La vignette 1 nous a permis d’observer une situation particulière d’une règle de conduite. Au cours d’une partie de Batawaf, la même qui a posé problème au niveau des règles procédurales de la section précédente, Ethan se questionne à savoir où il doit ranger les cartes remportées : sous son paquet ou à côté de lui. À ce moment, Sarah lui répond qu’il doit les mettre à côté de lui. Malgré la réponse de sa partenaire, Ethan dit : « Non, je

les mets dans mon paquet ». Immédiatement, Sarah rétorque « Non! On n’a pas le droit ». Ethan, délibérément, va à l’encontre d’une règle qui lui a été très clairement explicitée. Ensuite, lorsqu’il constate que son geste crée une forte réaction chez Sarah, qui est une élève généralement calme et réservée, il s’arrête et revient au comportement attendu et dicté. Lorsqu’un nouvel élève (Arnaud) se joint à une partie ultérieure, dès que ce dernier place les cartes gagnées sous son paquet, Ethan est le premier à s’en offusquer et à lui ordonner de ne pas placer ses cartes à cet endroit : « NON! Tu n’as pas le droit de remettre tes cartes dans ton paquet! ». Ainsi, un peu comme dans l’exemple de Maélie qui argumente avec l’enseignante et qui par la suite adopte les nouvelles règles qui deviennent alors sacrées, Ethan qui s’opposait au départ à la règle donnée par Sarah, la verbalise ensuite comme étant une règle non négociable qui doit être respectée de tous. Ethan semble ici avoir intériorisé une règle qui lui fut imposée et qu’il a ensuite pu faire sienne.

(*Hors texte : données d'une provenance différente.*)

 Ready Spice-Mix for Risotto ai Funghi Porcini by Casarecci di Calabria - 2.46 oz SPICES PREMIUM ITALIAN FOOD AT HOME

Reprenons ici le développement de la perception de la règle selon Conte et Castelfranco (1995). Brièvement, ils proposent que les participants d’un jeu doivent incarner des rôles qui permettent d’assurer le bon déroulement de la partie. Ils présentent quatre rôles : le législateur, le destinataire, le défendeur et l’observateur. Tous les rôles ne sont pas présents dans tous les jeux. Ainsi, selon eux, dans un jeu de règle, il est généralement nécessaire qu’il y ait la présence minimale d’un défendeur, d’un observateur et d’un destinataire.

Nous pouvons constater à l’aide des extraits présentés plus haut que les rôles nommés précédemment sont réellement présents dans les situations de jeu et participent à l’organisation de celles-ci. Les enfants qui font des rappels des règles de conduite ou de règles procédurales incarnent l’observateur ou le défendeur. Ils ont reconnu qu’une règle n’était pas respectée et ont été capable de la nommer (observateur). Ils se sont également assurés du respect et de l’application de la règle (défendeur).

Dans ce type de situations, il y a également la présence d’un destinataire, celui à qui la règle est destinée de façon implicite ou explicite. Le destinataire doit également être ouvert à accepter la règle et doit faire l’effort de ne pas aller à son encontre trop souvent.

Autrement, les partenaires pourraient décider de mettre fin au jeu. Dans les situations observées, nous avons constaté que la plupart des enfants ont accepté sans problème de se conformer à la règle lorsque les autres le leur demandaient. Certains ont toutefois utilisé une autre technique : la tricherie, dont il sera question dans la prochaine section.